I’d always known I was going to turn my book, The Magic of Terry Pratchett, into a live show. It felt like a no-brainer – the book was successful, it won an award, and it had a built-in audience. And of course, Terry Pratchett was a comic author so using my skills as a stand-up and adding some of Pratchett’s jokes felt like a winning formula. I had, after all, already done the hard bit. The book was written.

A biography is, in some ways, a relatively easy thing to write. The research is hard, of course. To do it properly takes months or years of obsessive deep dives and back-breaking expeditions into the archives. People must be interviewed. Places must be visited, and facts ruthlessly checked. But the actual writing part is relatively straightforward – your subject is born in year A. and dies in year Z., and the task is really just joining the dots between those two points, filling in the rest of the alphabet as you go.

Turning that into a live show was surely just a matter of condensing the story? A glorified, much-abridged book-reading? A doddle. Alas, no. That’s not what a live show is at all. That is not how stand-up comedy works. Live comic performances thread ideas invisibly into your subconscious and prime you to laugh when an adjoining thought emerges later in the show. Comic performances confound expectations to generate laughs. Comic performances are contrivances, because the most important goal of the piece is to elicit laughter from the audience. And comic performances are not always honest, and that’s the one thing a biography must be. The two mediums are working at cross purposes. One is about linear truth, the other about non-linear ideas.

I attempted to script a linear version of the show, based on the form of the book, and quite predictably it didn’t work. The material worked against the medium, rather than being of the medium. I scrapped the whole thing and started again. And this time I wrote it like a comedy show. I worked out what the themes of Sir Terry’s work were and then I worked backwards from there, zipping back and forth along his timeline to tell the story. I could skip from Terry’s early career as a journalist to his school days, to his battle to raise awareness for Alzheimer’s disease after his own diagnosis, letting the themes rather than the timeline dictate the flow. Once I had a structure that worked, it meant I could start dropping in the jokes. This is where I was able to bring it back to the way I’d written my book, and indeed the way Sir Terry wrote his. That’s the fun bit – when you know what you have is solid, and you can start picking through and finding the absurdities and the juxtapositions. My show is possibly the only Edinburgh Fringe show with detailed footnotes, and even includes a bonus performance every night titled The Magic of Terry Pratchett - The Footnotes.

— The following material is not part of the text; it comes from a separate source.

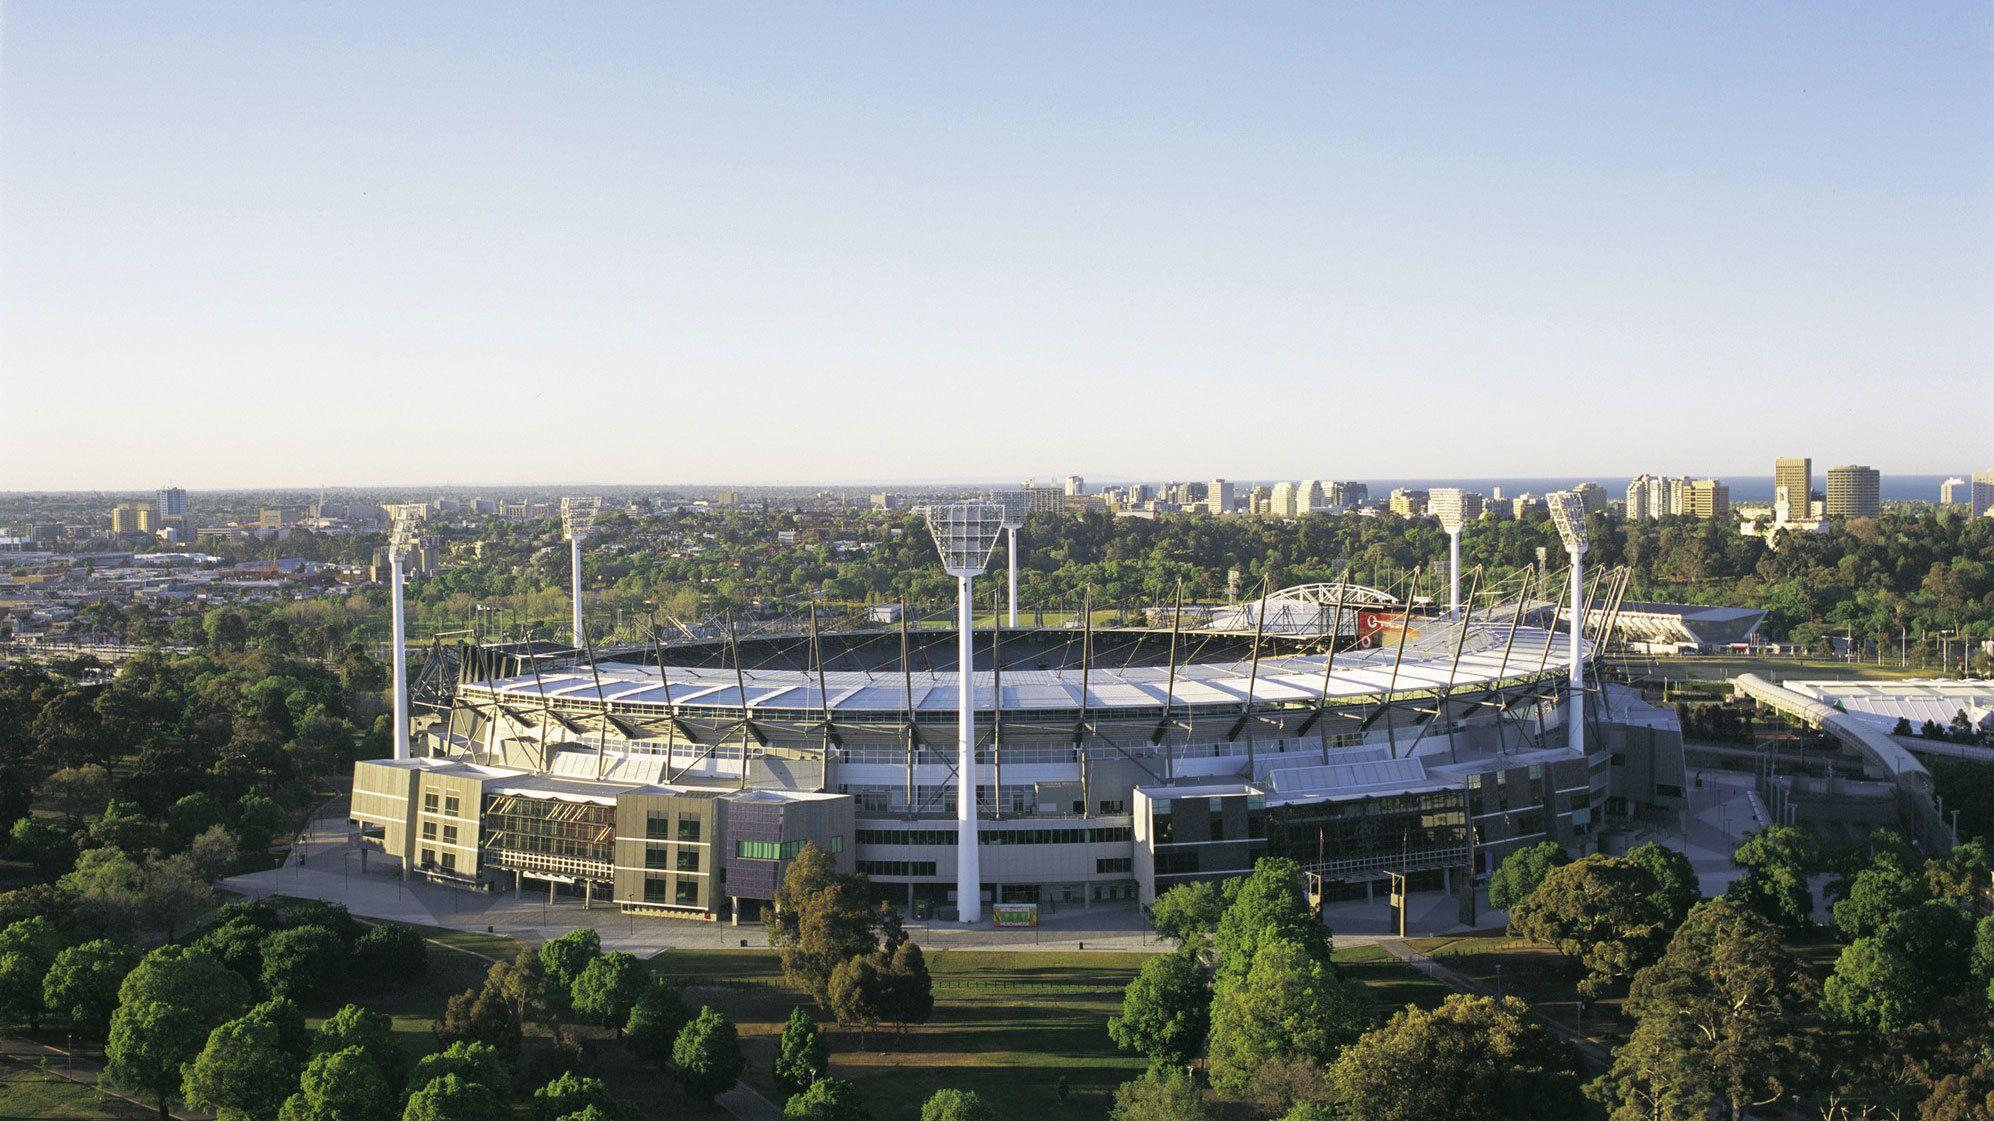 MCG Stadium in Melbourne

Terry called such details “sherbert lemons” in reference to a sweet shop owner from his childhood who would always throw a few extra candies into the bag before handing it over. It’s the sherbert lemons and footnotes that bridge the gap between the two different art forms. It’s a show I’m extremely proud of, something that I think works for a general audience as well as the Pratchett super fans, something that compliments my book but doesn’t repeat it. And crucially something that can stand on its own as a piece of live comedy. It’s been quite the journey.

The Magic of Terry Pratchett will be performed at 5.30pm in Gilded Balloon Teviot (Dining Room) from 2nd – 28th August (Not 14th)

And it wouldn’t be Terry Pratchett without footnotes, would it?  Each performance will be followed by a separate interactive show, ‘The Magic of Terry Pratchett: The Footnotes’, featuring a Q&A, readings from rare Pratchett work and interviews with special guests, including friends and colleagues of Sir Terry and Discworld fans from across the Fringe and beyond.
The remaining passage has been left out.